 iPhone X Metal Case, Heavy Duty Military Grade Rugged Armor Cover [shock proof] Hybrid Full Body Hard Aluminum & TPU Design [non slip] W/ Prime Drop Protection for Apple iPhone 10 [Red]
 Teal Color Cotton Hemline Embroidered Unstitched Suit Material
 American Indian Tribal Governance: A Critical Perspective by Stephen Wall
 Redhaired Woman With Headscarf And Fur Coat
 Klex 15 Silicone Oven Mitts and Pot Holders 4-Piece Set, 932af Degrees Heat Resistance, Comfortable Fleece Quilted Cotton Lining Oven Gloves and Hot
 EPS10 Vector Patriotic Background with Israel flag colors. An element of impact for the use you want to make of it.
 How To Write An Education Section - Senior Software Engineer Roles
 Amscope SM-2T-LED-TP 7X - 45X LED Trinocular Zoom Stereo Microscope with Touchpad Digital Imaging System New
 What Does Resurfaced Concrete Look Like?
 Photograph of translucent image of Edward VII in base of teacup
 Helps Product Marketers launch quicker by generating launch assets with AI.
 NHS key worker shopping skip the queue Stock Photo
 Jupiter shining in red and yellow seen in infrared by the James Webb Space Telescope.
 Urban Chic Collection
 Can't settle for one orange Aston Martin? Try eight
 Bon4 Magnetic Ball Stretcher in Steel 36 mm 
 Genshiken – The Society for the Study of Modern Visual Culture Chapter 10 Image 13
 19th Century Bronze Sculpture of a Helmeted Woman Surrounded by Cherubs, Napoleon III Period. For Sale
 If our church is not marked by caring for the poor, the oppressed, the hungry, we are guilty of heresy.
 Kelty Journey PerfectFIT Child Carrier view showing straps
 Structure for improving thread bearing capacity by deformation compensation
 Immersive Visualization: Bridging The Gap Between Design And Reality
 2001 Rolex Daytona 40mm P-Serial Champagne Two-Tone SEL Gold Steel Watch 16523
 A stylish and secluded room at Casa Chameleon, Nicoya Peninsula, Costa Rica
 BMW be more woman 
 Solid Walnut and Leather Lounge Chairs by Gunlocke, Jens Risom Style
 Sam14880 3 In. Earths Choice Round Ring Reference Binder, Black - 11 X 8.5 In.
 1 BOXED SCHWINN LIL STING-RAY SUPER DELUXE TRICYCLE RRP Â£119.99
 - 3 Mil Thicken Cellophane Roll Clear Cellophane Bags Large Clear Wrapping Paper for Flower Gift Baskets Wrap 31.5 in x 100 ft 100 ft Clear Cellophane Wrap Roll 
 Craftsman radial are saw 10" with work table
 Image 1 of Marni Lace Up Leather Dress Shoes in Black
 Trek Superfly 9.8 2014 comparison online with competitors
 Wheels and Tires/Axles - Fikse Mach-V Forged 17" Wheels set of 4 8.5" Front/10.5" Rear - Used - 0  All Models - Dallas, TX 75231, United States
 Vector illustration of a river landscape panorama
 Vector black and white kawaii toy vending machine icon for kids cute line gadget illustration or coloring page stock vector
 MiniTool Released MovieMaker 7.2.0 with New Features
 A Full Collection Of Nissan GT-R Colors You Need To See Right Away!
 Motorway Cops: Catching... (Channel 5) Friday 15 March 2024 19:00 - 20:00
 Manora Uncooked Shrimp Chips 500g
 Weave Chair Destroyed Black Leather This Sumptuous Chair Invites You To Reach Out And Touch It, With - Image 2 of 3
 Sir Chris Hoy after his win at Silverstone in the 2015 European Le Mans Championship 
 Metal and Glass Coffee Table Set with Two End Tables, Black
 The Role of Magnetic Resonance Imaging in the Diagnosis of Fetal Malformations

• _WHAT NEEDS TO BE DONE_
Retype only this portion of the data above: the line containing "EPS10 Vector Patriotic", the line containing "NHS key worker", and all lines between them, exactly.

• _OUTPUT BELOW_
 EPS10 Vector Patriotic Background with Israel flag colors. An element of impact for the use you want to make of it.
 How To Write An Education Section - Senior Software Engineer Roles
 Amscope SM-2T-LED-TP 7X - 45X LED Trinocular Zoom Stereo Microscope with Touchpad Digital Imaging System New
 What Does Resurfaced Concrete Look Like?
 Photograph of translucent image of Edward VII in base of teacup
 Helps Product Marketers launch quicker by generating launch assets with AI.
 NHS key worker shopping skip the queue Stock Photo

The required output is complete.